DRS Awareness of vSAN Stretched Cluster

DRS Awareness of vSAN Stretched Cluster is available on stretched clusters with DRS enabled using vSphere 7.0 U2. A vSAN stretched cluster has read locality, where the VM reads data from a local site. Fetching reads from a remote site can affect VM performance. In releases prior to vSphere 7.0 U2, DRS had no awareness of read locality for a vSAN stretched clusters and might inadvertently place a VM on a remote site with no read locality. With DRS Awareness of vSAN Stretched Cluster, DRS is now fully aware of VM read locality and will place the VM on a site that can fully satisfy the read locality. This is automatic, there are no configurable options. DRS Awareness of vSAN Stretched Cluster works with existing affinity rules. It works with vSphere 7.0 U2 and VMware Cloud on AWS.

vSAN Stretched Cluster with vSphere HA and vSphere DRS provide resiliency by having two copies of data spread across two fault domains and a witness node in a third fault domain in case of failures. The two active fault domains provide replication of data so that both fault domains have a current copy of the data.

vSAN Stretched Cluster provides an automated method of moving workloads within the two fault domains. In case of full site failures, VMs are restarted on the secondary site by vSphere HA. This ensures that there is no downtime for critical production workloads. Once the primary site is back online, DRS immediately rebalances the VMs back to the primary site with soft affinity hosts. This process causes the VM to read and write from the secondary site while the VM data components are still rebuilding and might reduce VM performance.

In releases prior to vSphere 7.0 U2, we recommend that you change DRS from fully automated to partially automated mode, to avoid VMs migrating while resynchronization is in progress to the primary site. Set DRS back to fully automated only after the resynchronization is complete.

With vSphere 7.0 U2, DRS Awareness of vSAN Stretched Cluster introduces a fully automated read locality solution for recovering from failures on a vSAN stretched cluster. The read locality information indicates the hosts the VM has full access to, and DRS uses this information when placing a VM on a host on vSAN Stretched Clusters. DRS prevents VMs from failing back to the primary site when vSAN resynchronization is still in progress during the site recovery phase. DRS automatically migrates a VM back to the primary affined site when its data components have achieved full read locality. This allows you to operate DRS in fully automatic mode in case of full site failures.

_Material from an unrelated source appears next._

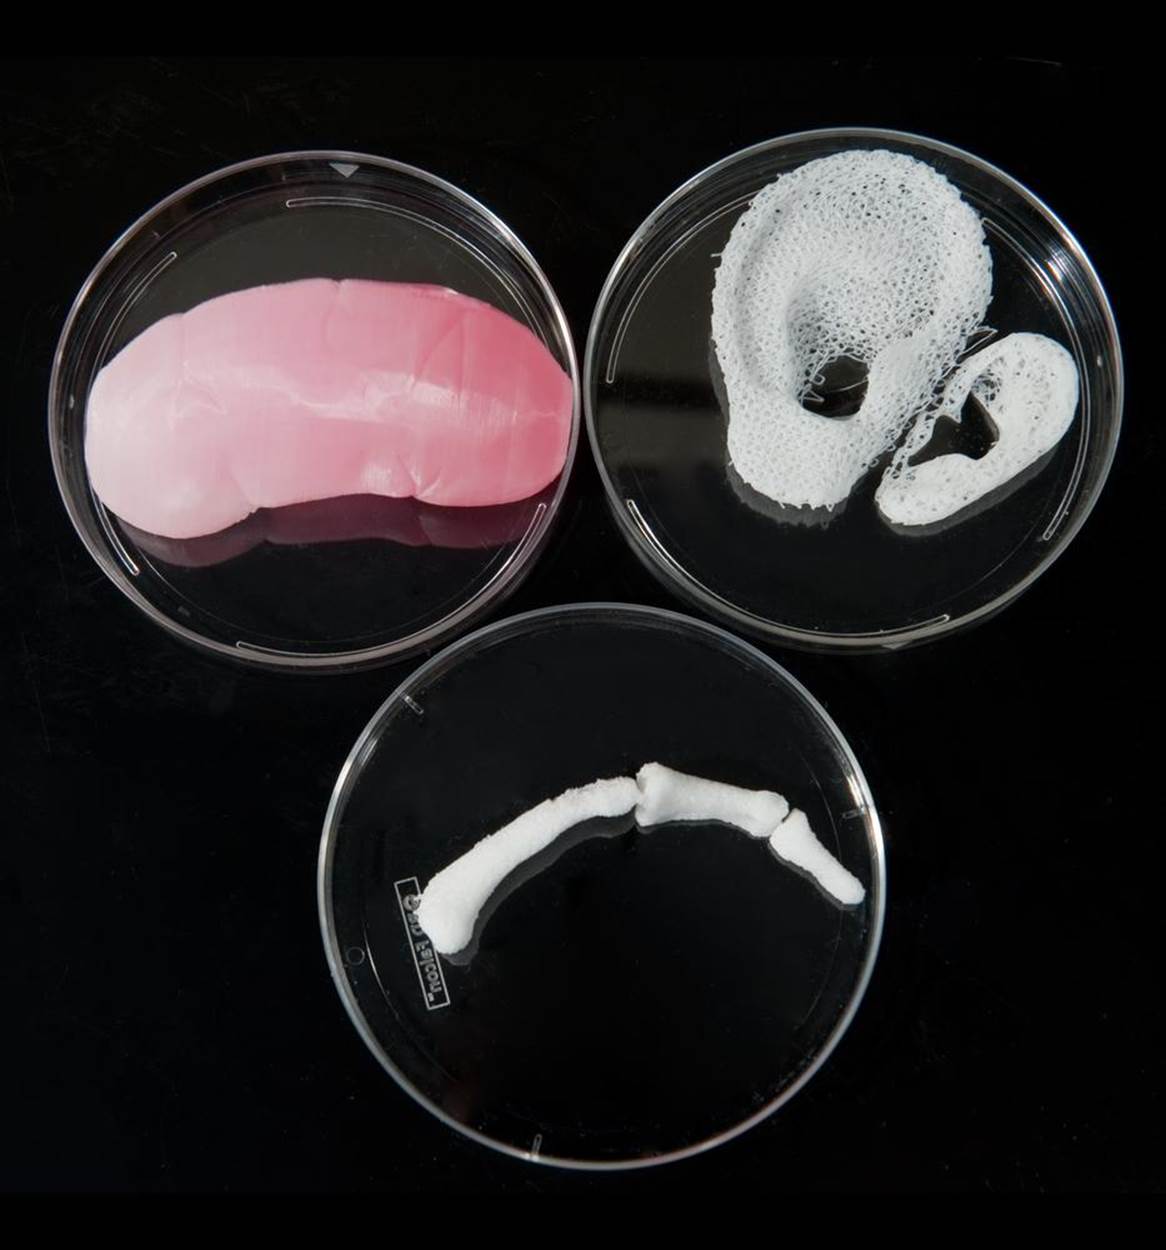 3D printed replacement tissues and organs
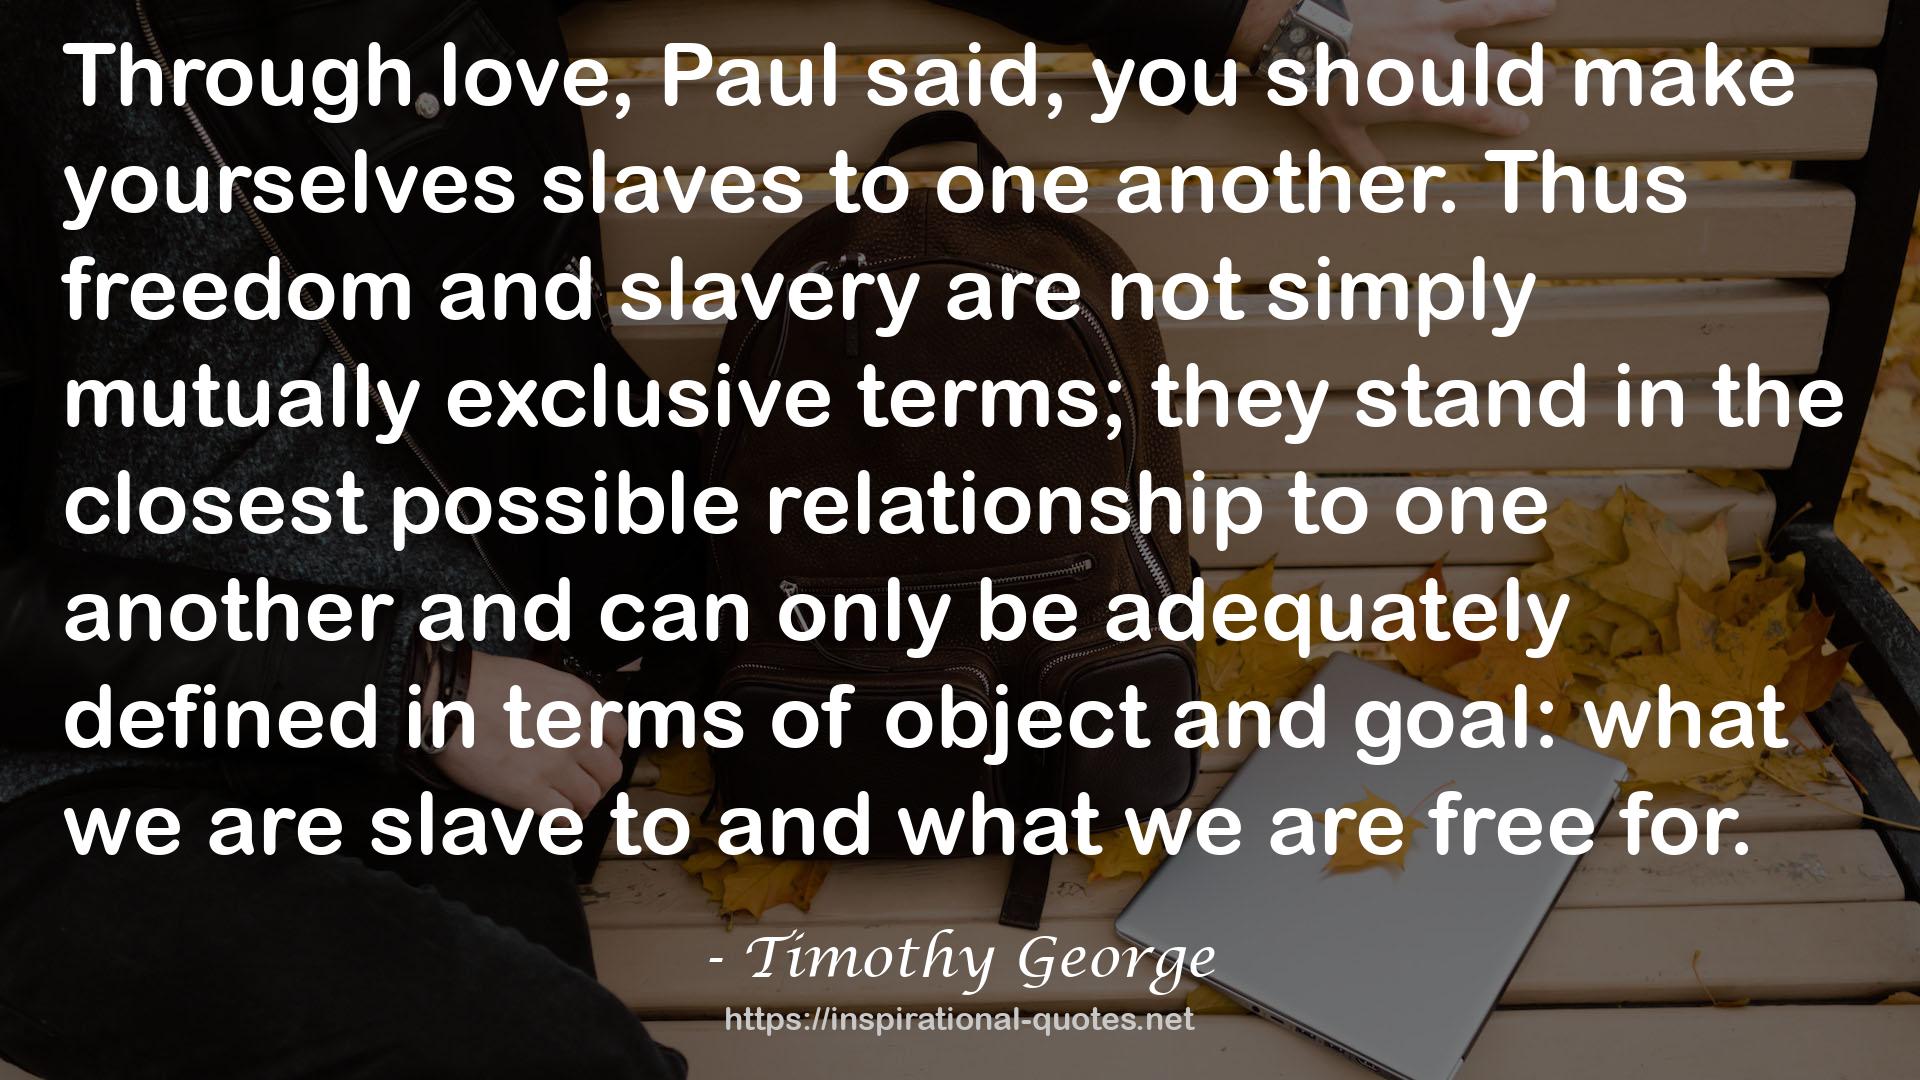 Timothy George QUOTES

In case of partial site failures, if a VM loses read locality due to loss of data components greater than or equal to its Failures to Tolerate vSphere DRS will identify the VMs that consume a very high read bandwidth and try to rebalance them to the secondary site. This ensures that VMs with read-heavy workloads do not decrease during partial site failures. Once the primary site is back online and the data components have completed resynchronization, the VM is moved back to the site it is affined to.